Nitish Kumar yesterday took fresh oath as Chief Minister yesterday, with Tejashwi Yadav as deputy.

Patna:

The first Bihar assembly session after Nitish Kumar took a fresh oath as chief minister is set to be from August 24 — and the timing is yet another canny move. It is in this session that the JDU-RJD+ government has to prove its majority, but the Speaker is still from the BJP, Nitish Kumar’s former partner. The alliance wants to change that first, unwilling to risk anything even though it looks comfortable on paper.

Technically, the Governor calls the session, but he’s to act as per the government’s recommendation.

Fifty-five legislators from the new ‘Mahagathbandhan’ (Grand Alliance) have moved a no-confidence motion against Speaker Vijay Kumar Sinha. Rules say it can be taken up in the House only after two weeks of submission. August 24 means that rule won’t be a problem.

The renewed Grand Alliance has support of 164 MLAs, several more than the 122 needed in the House of 243. 

But the no-risk plan is straightforward: Before Nitish Kumar faces the trust vote on August 25, Mr Sinha be removed in the no-confidence vote, and a new Speaker be elected, on the first day of the session.

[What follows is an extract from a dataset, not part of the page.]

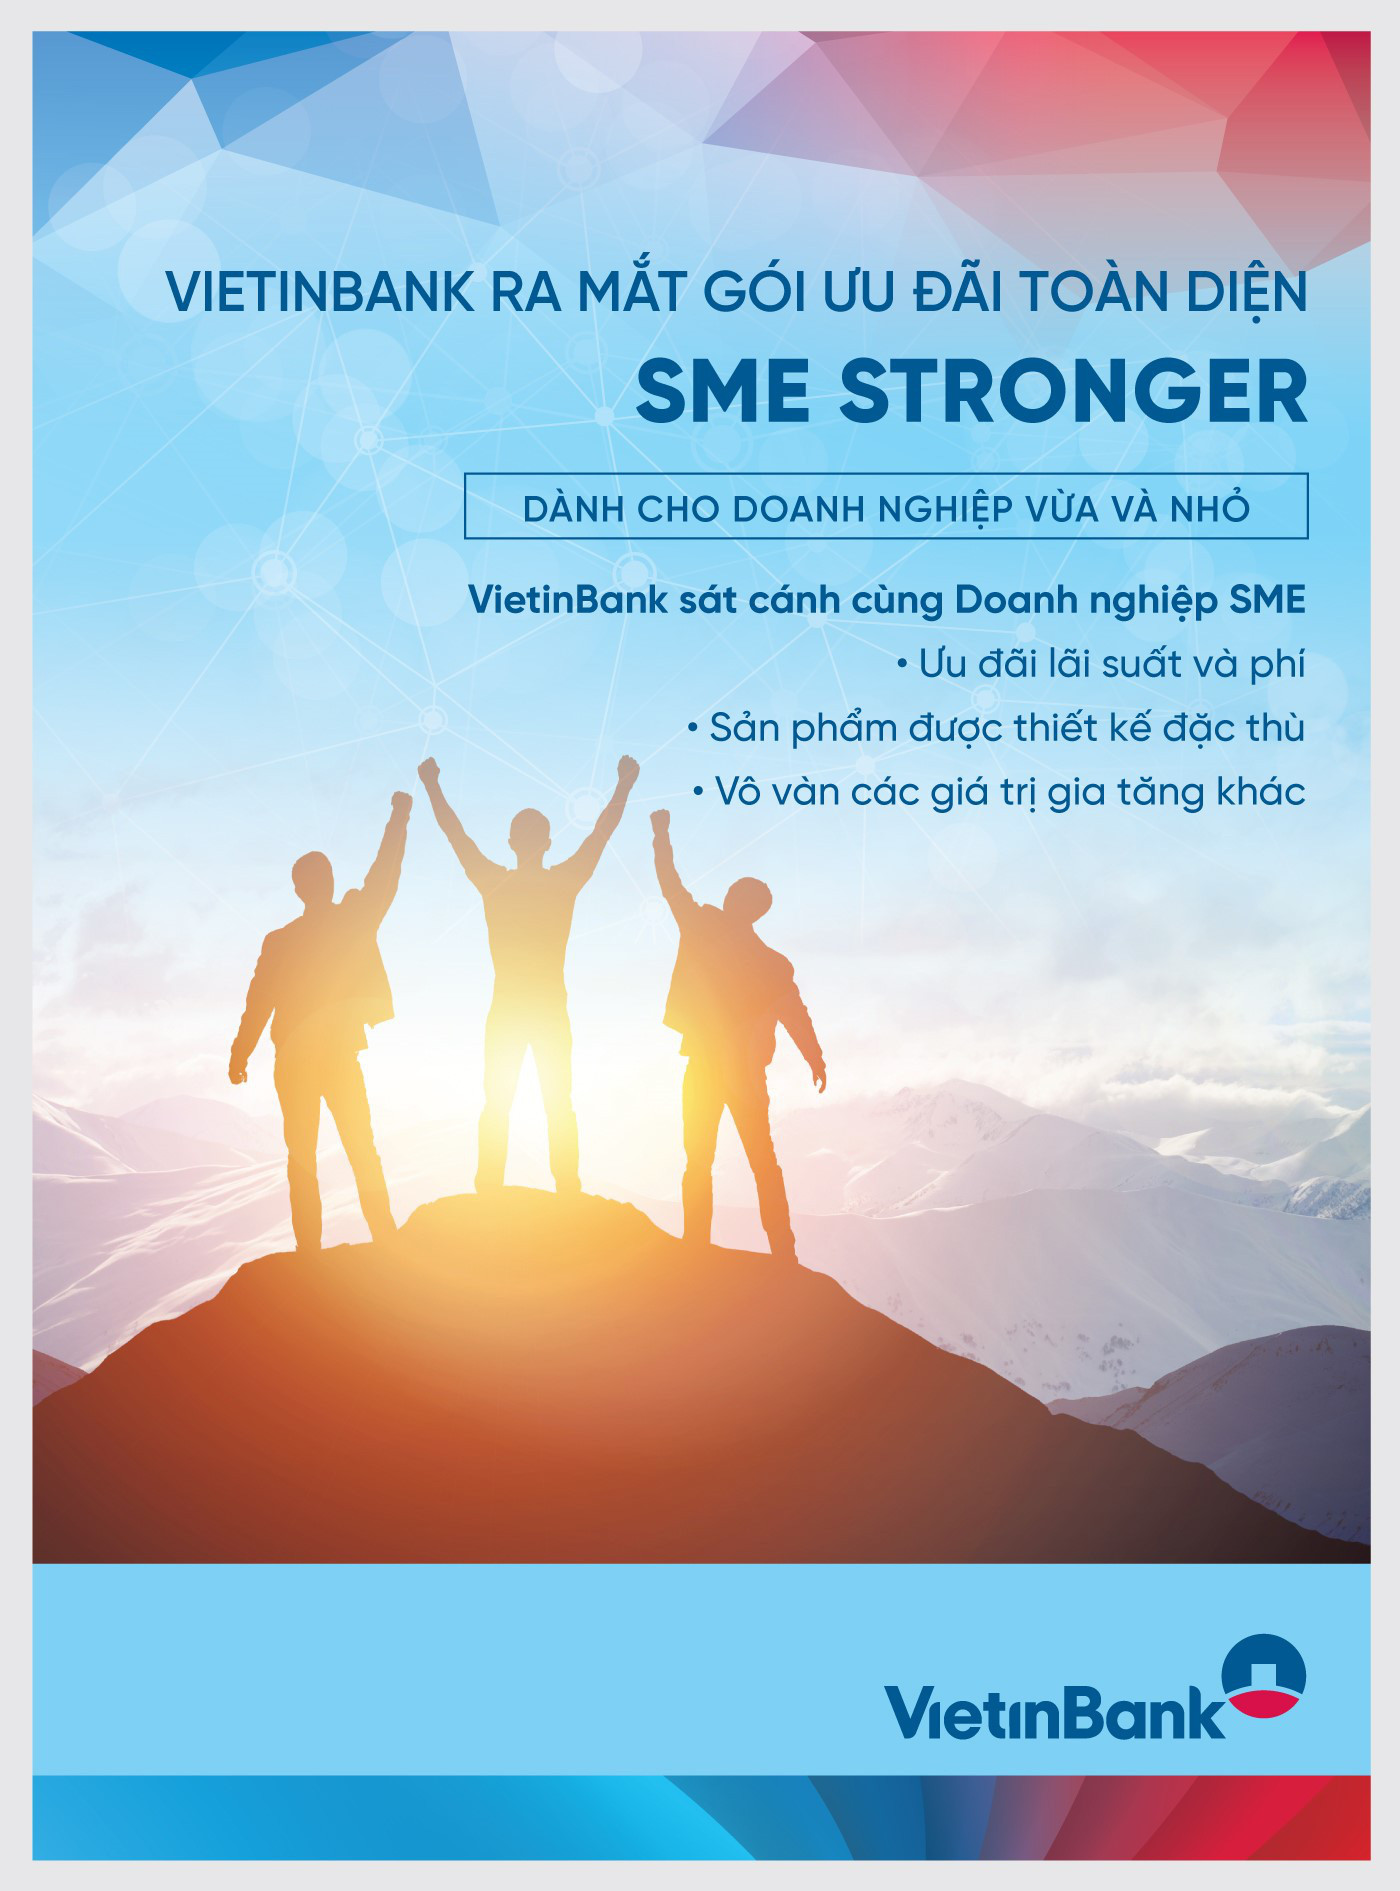 VietinBank SME Stronger: Gói ưu đãi toàn diện cho phân khúc khách hàng SME - Ảnh 1.

Mr Sinha may resign before that. Sources said he’ll act on the BJP leadership’s command. That will mean just an election to the post.

A new Speaker is to be from the RJD, as per the “chacha-bhatija” pact’s terms and conditions.

Nitish Kumar and Speaker Sinha haven’t had the best relationship even before this. In June, JDU had skipped a session in which its then-ally BJP sought to discuss who was the “best legislator”.

The RJD and Congress also boycotted the proceedings after Speaker Sinha didn’t permit a debate on the Agnipath defence recruitment scheme. The JDU’s opposition to the scheme was one of its many disagreements with the BJP. The Speaker said a discussion on that wasn’t correct as the issue wasn’t a state subject.